わたしだってこの夏でかなり料理の腕が上がったのに、と口を尖らせる。
「夜は華菜に来てもらうから、陽稲は一緒に帰りなさい。可恋ちゃん、お大事にね」
お母さんはそう言って帰っていった。
わたしとしては可恋の体調が戻るまで泊まっていたかったが、明日は学校がある。
午後は可恋が寝転がって自分の超高級ベッドで本を読んでいる間、彼女の部屋に小さなテーブルを置いてそこで学校の予習をする。
テスト勉強なんて直前にノートを少し見直せば十分という可恋と違い、わたしは中間テストに向けた勉強をそろそろ始めないといけない。
それでも、テストでは緊張してしまい実力が出せなかった問題は改善されたし、苦手だった数学もかなり克服できた。
どちらも可恋のお蔭だ。
思えば、初めて可恋とあったのは2年生の1学期の始業式だ。
4月のことだから、また半年にも満たない。
数年来の友だちのように接しているが、たったそれだけでここまで深い間柄になった。
今年の1月に転校してきた可恋は三学期の間は病欠が多くて、違うクラスだったわたしとは接点がなかった。
2年生で同じクラスになり、席が前後ろということもあって話すようになったが、わたしがおたふく風邪にかかったり、北海道のお祖母ちゃんが亡くなって忌引きになったりと4月は休むことが多く、連絡先の交換さえままならなかった。

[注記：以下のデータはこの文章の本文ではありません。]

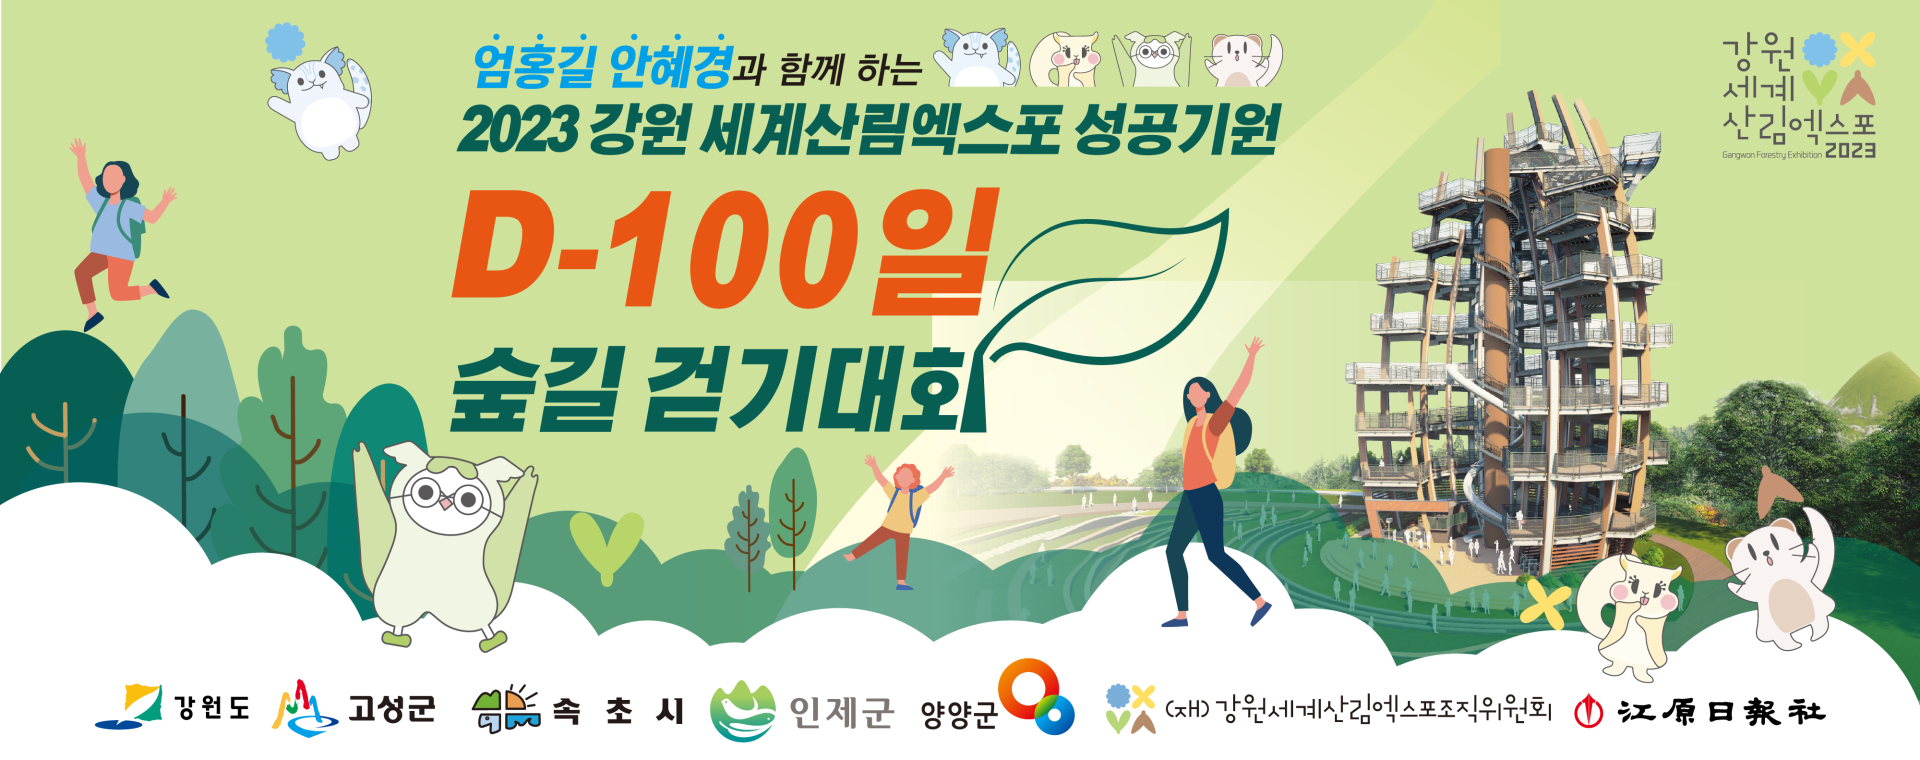 2023 강원세계산림엑스포 성공기원 D-100 숲길 걷기대회

長い長いゴールデンウィークが終わってから、それまでのすれ違いを一気に取り戻すようにわたしたちは親密になっていった。
一方、可恋は中間テストやキャンプでの事件を通してクラスのリーダーとなっていく。
4月にほとんどみんなから知られていない可恋が学級委員になったことは驚きだったけど、いまでは誰もが認める存在になった。

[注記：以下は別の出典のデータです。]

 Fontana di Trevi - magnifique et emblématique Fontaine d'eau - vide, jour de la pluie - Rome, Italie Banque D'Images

その可恋がわたしのために提案してくれたのが、文化祭でのファッションショーという企画だった。
わたしがファッションに興味を持ち、将来の夢がデザイナーだと知り、合唱ばかりの文化祭に風穴を開けたい校長先生の思惑に乗る形でこの計画はスタートした。
生徒会を巻き込み、クラスの女子に筋トレを強制し、先生方にも働きかけた末、文化祭の大変革とともに実現に近付き始めた。
夏休みには若手デザイナー主催のファッションショーの見学にもクラス全員で行き、やる気は高まっていった。
そのファッションショーまであと1ヶ月ほどに迫ってきた。
夏休みは可恋の空手の交友関係が広がった時期でもあった。
体力を少しでもつけようと子どもの頃に空手を始めた可恋は、選手としての実力はあるのに大会出場の意欲が乏しく、それを見かねたいま通っている道場の師範代の三谷先生がいろいろと画策した。
夏休みが始まってすぐに、アメリカから来たばかりの中学生、キャシー・フランクリンが可恋の元にやって来た。
師範代の自宅に下宿しながら可恋から空手を習った陽気な黒人の女の子で、嵐みたいな存在だけど一緒にいるととても楽しい。
可恋はその奔放さに手を焼いていたものの、かなり熱心に面倒を見ていた。
更に、武道館の空手大会のスタッフをしに行った時に、師範代の企みによって演武のエキシビションを可恋が行った。
それを見た神瀬結さんと知り合いになり、彼女が出場した全中という全国大会に応援に行った。
その姉の舞さんは先日の世界大会で優勝し、一昨日初めてお会いしたちょっと失礼な感じの女性だった。
可恋はその舞さんが憧れの選手だと話すが、えーって思ってしまう。
空手のことはわたしにはさっぱり分からないので、きっととても凄い選手なんだろうけど。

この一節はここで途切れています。